Upon these facts, is it possible to dismiss the appeal? Section 9 of the Act establishing the terms of the sessions of the Supreme Court of Puerto Eico approved on March 1, 1902, as amended by Act No. 59 of 1931 (Laws, p. 404) provides that the decisions of the acting judge in vacation shall be subject to review by the court “whenever so requested by the interested party within the ten days following notice of such decisions.”

Is the Industrial Commission .an interested party within the certiorari proceeding filed before the judge in vacation, and has it the right to apply for a review of the judgment rendered therein? Let us see.

As we know, that proceeding was established to annul the jugdment rendered by the District Court of Ponce in the appeal taken by the petitioner against the Industrial Commission.

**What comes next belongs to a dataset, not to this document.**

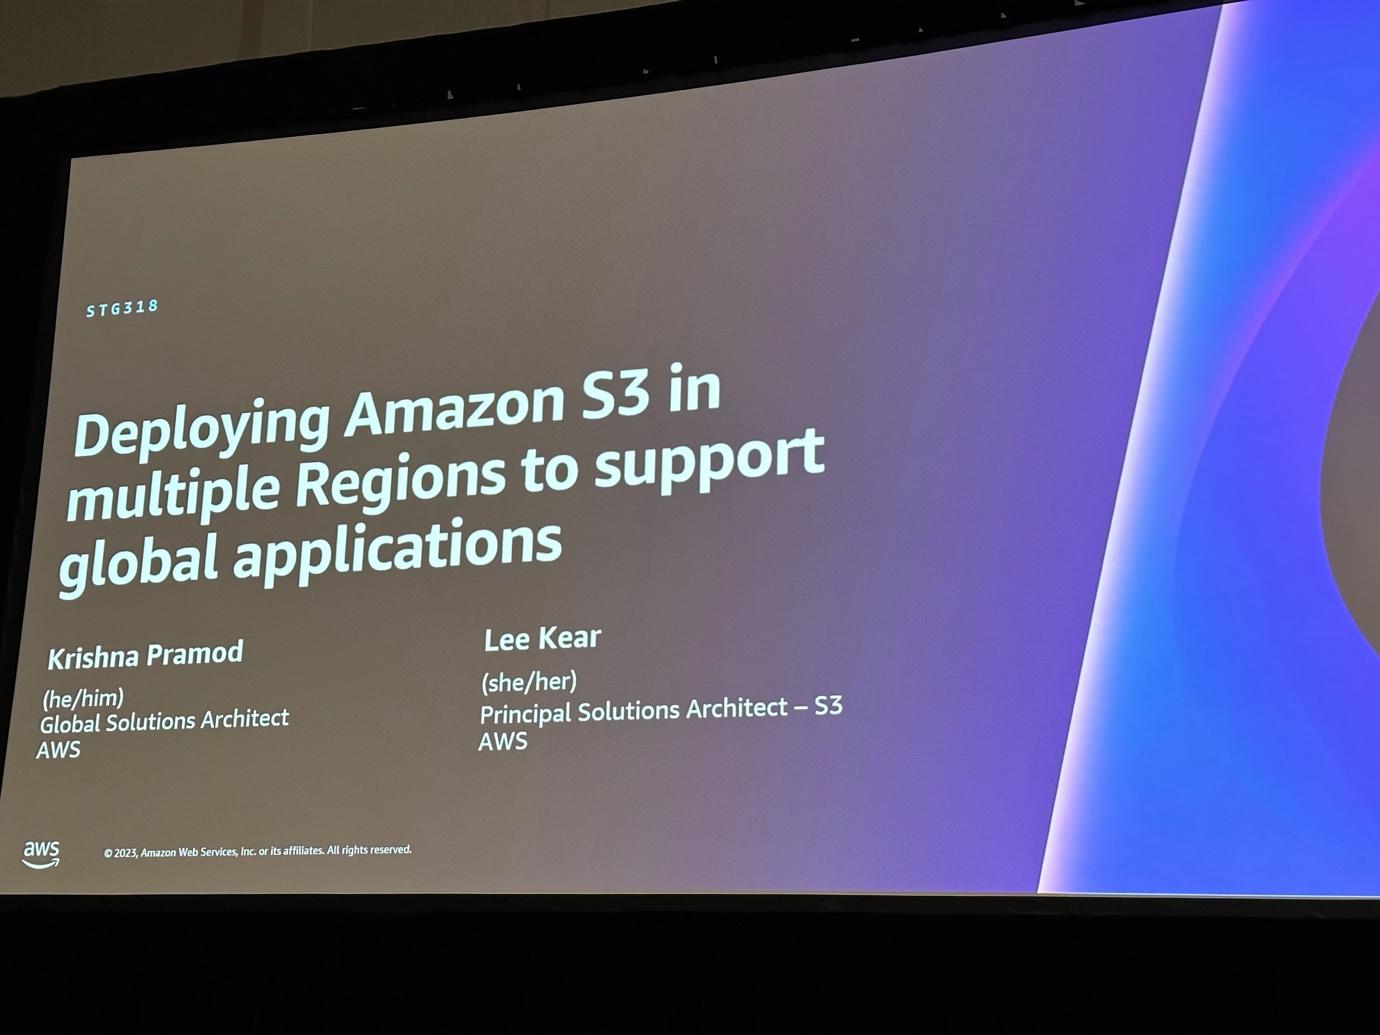 Deploying Amazon S3 in multiple Regions to support global applications
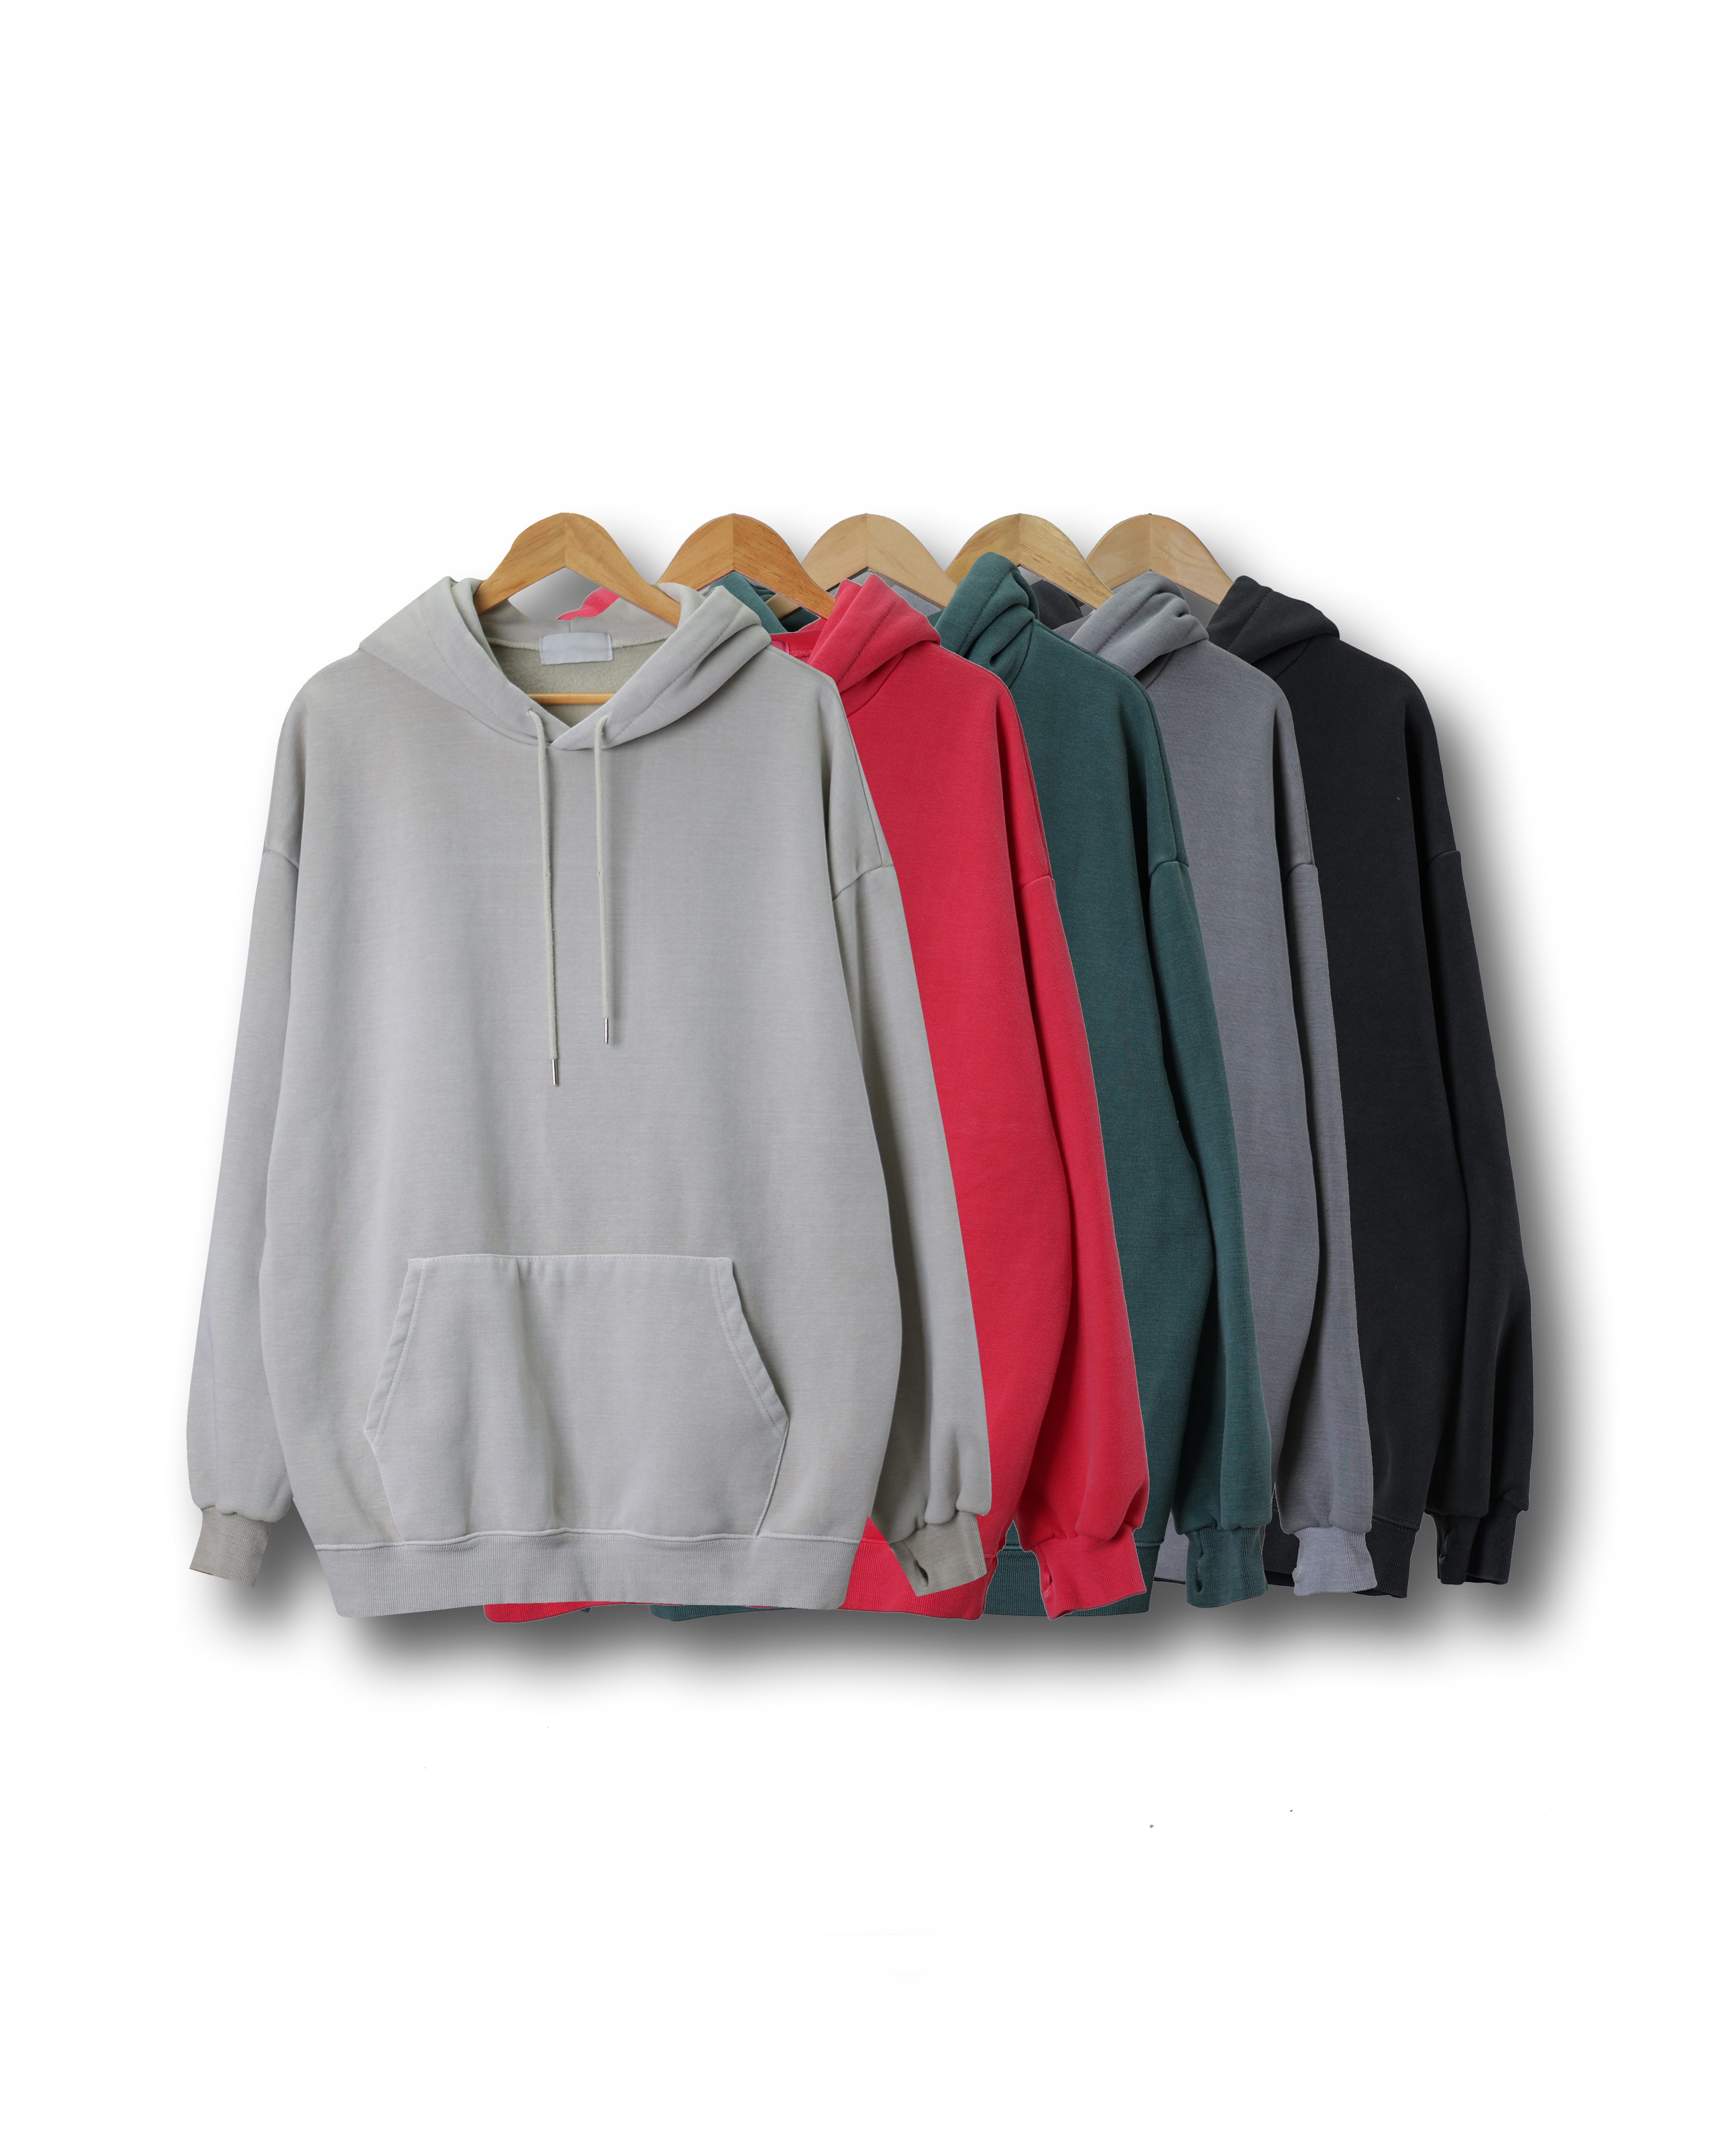 ROUMR Winter Pig Warmer Hoodie (Charcoal/Gray/Green/Pink/Beige Gray)

The real party defendant in the certiorari was the district court which should have been, and was notified, but in such cases Rule 69 of this Court, prescribes that the petition shall furthermore show “the name or names of the real party in interest, or whose interest would be directly affected by the proceedings, and in such case it shall be the duty of the applicant obtaining the order to serve or cause to be served upon such party or parties in interest, a certified copy of the affidavit and writ issued thereon, in the same manner as upon the defendant named in the affidavit, and to produce and file in the office of the clerk of this Court the same evidence of service.” 17 P.R.R. LXXVIII.

The petitioner satisfied the above requirement in so far as the minor child was concerned but not as to the commission, whose decision she sought to have reviewed by the district court.

It has been held that “the court, in deciding who are proper parties to a writ of certiorari, is governed by the parties as designated by the original record.” Fitch v. Board of Auditors, 133 Mich. 178; 94 N.W. 952. Referring to public organizations, Corpus Juris sums up the authorities on the matter as follows: “In a proceeding to review, the county, or other public corporation whose action is complained of, must be made a defendant.” 11 C.J. 143.

Considering that jurisprudence, the rule of this Court, and the real state of facts, we are of the opinion that it must be decided that the Industrial Commission should be considered an interested party to the certiorari proceeding, with the right to apply for a review of the decision of the judge acting in vacation by the full court. The Commission was the defendant in the appeal before the district court wherein the judgment was rendered which was annulled by the certiorari, and has as much if not more interest than the district court in the final decision of the question in issue, which in part will determine its jurisdiction not only in this specific case but in others of a similar nature.

Having arrived at this conclusion, it must likewise be concluded that the appeal was timely inasmuch as the term of ten days fixed by law is to be counted from the date of serving the notice and the commission was never notified.

As to the third ground for dismissal, all we need to say is that a study of the record has not convinced us that the appeal is clearly frivolous.

For the above reasons the motion should be denied and, given the urgency of the case and the fact that the appeal is ready for a hearing on the merits, the same should be set for the first open date in the following months of April.

Mr. Justice Wolf and Mr. Justice Córdova Dávila took no part in the decision of this case.